A pesar de todo, sabía que el camino en línea recta, apartado de la huella, sería más corto. Y cada centímetro ganado bajo estas circunstancias tenía un valor incalculable, aunque lleno de peligros. Así, primero pesadamente y luego algo más decidido, emprendió rápidamente la marcha bajo la exigua visibilidad que el propio resplandor de un cielo cerrado, sin luna podía suministrarle. La vista estaba adaptada a la oscuridad. No obstante, sabía perfectamente que en cualquier momento podía tropezar con alguna roca o saliente. No temía por algún animal, ya que no era posible que cualquier especie haya podido sobrevivir a la infernal víspera. Su mayor enemigo, en definitiva, era él mismo.

 

Decidió entonces trotar, esperando no tropezar con nada, era la única oportunidad. Tenía solo tres malditas horas por delante.

Luego de un buen rato, aunque algo cansado, su estado de ánimo dio un golpe favorable. Nada se había interpuesto en su camino y de a poco iba cobrando confianza. Claro, eso fue hasta que dio de lleno contra un tronco caído de un árbol, que le hizo lanzar un grito que pudo haberse escuchado hasta en las proximidades del arca.

 

En los primeros minutos pensó que ya no podría continuar. Quedó completamente tirado con alguna probable fractura debajo de la rodilla. El dolor era insoportable.
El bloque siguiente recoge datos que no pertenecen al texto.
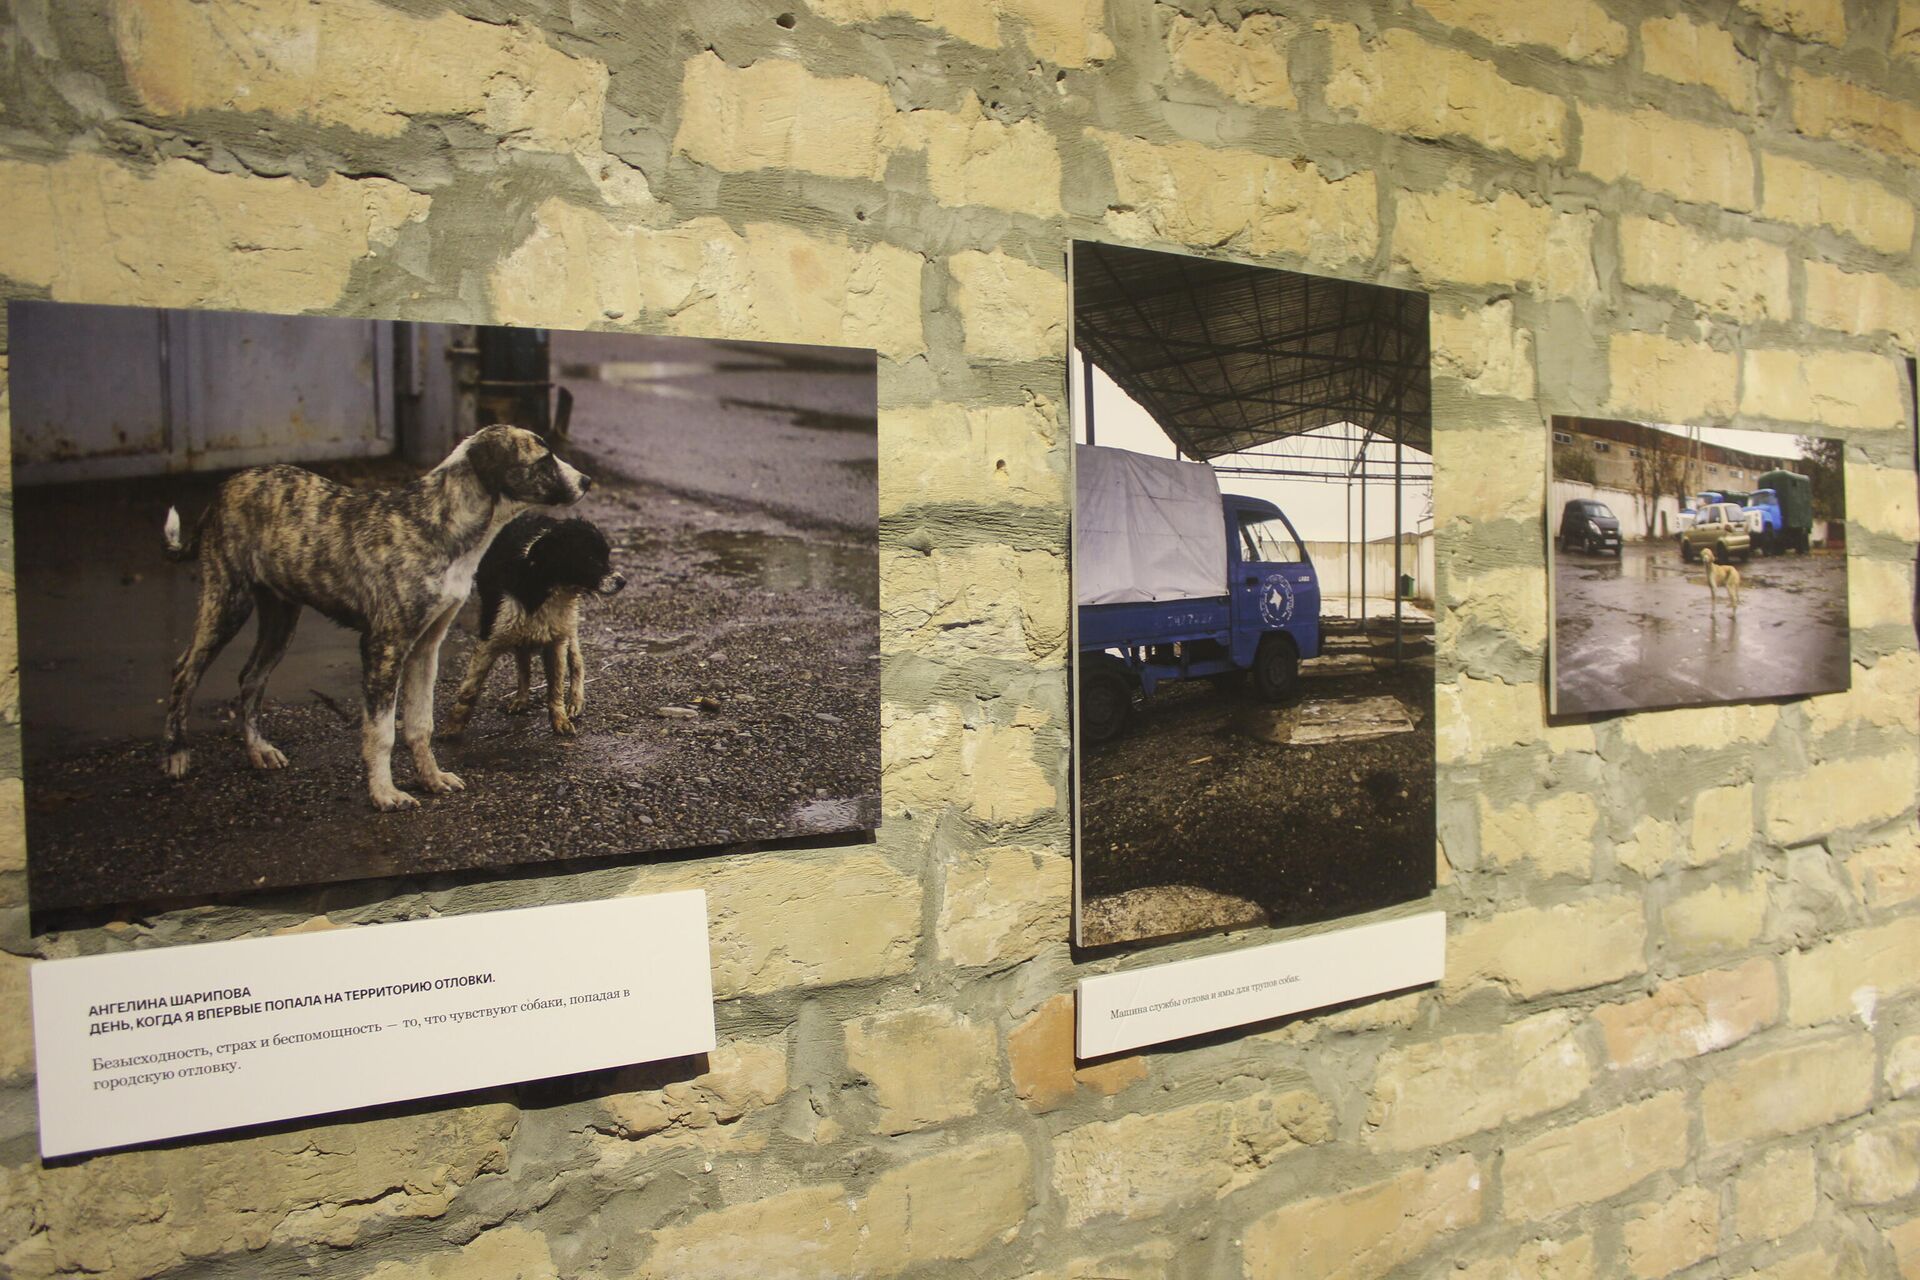 Фотовыставка о тяжелой судьбе бездомных животных в рамках фестиваля СОКО в Ташкенте - Sputnik Узбекистан, 1920, 30.05.2021

Y así, de un momento al otro, todo ese espíritu de hombre a salvo, esa adrenalina que lo llevaba a luchar denodadamente por su vida paso tras paso, pareció derrumbarse inexorablemente bajo el fuego de un amanecer calcinante de supernova.

 

Permaneció tirado, llorando durante unos diez minutos. Sabía que no podría sobrevivir más allá de las seis y media de la mañana, con un poco de suerte. También sabía que tenía dos caminos por recorrer. O se ponía de pie y pese a todo caminaba, o a más tardar en tres horas sería hombre muerto. Así que intentó caminar. El dolor era insoportable. Estaba completamente seguro que había alguna fractura ósea, pero no tenía alternativa.

 

El Monte Kingston parecía estar en el mismo lugar que a las nueve de la noche, como si no hubiese recorrido distancia alguna. El trayecto se hacía pesado. El pensamiento también. Los recuerdos, las ideas prácticamente no tenían cabida en su cerebro. Era como que necesitaba eliminarlos para poder apoyar con una idea el mismo instinto de salvación.

 

Había caminado tal vez algo más de dos horas, cuando en dirección a las montañas pareció divisar una luz roja que parpadeaba. Caminó entonces con mayor decisión, casi en un paso desesperado, pudo comprender que lo que parpadeaba eran las luces de posición del arca. Estaba allí, casi al alcance de su mano.

 

Entonces aceleró la marcha, pesada pero decididamente. Se propuso aplicar sus últimas energías a ese esfuerzo. Creyó inclusive atravesar un alambrado. No le prestó ni la más mínima atención. Solo continuó adelante hasta que finalmente pudo divisar las pequeñas ventanas del arca y todo el movimiento de emplazamiento junto a ella. En ese momento empezó a gritar y agitar sus brazos para que lo vieran. Fue entonces que una luz proveniente de la dirección del arca lo apuntó para hacerle saber que había sido visto. Con un alivio desbordante se dejó caer, consumiendo el resto de su energía en ese acto, mientras escuchaba los pasos salvadores que se acercaban.

 

A las siete de la mañana, el sol, en aquel día infernal previo a la supernova, apareció por sobre la silueta de las montañas y todo aquel ser viviente que no hubiese encontrado para entonces algún reparo, solo podía sobrevivir unos pocos segundos a semejante aluvión de infierno y fuego.

 

Bajo esas circunstancias, siendo las siete y un minuto, el cuerpo de Daniel Hase yacía, con una pierna rota, desgarbado junto a un enorme tronco quemado de pino, totalmente calcinado, sin el más mínimo vestigio de vida.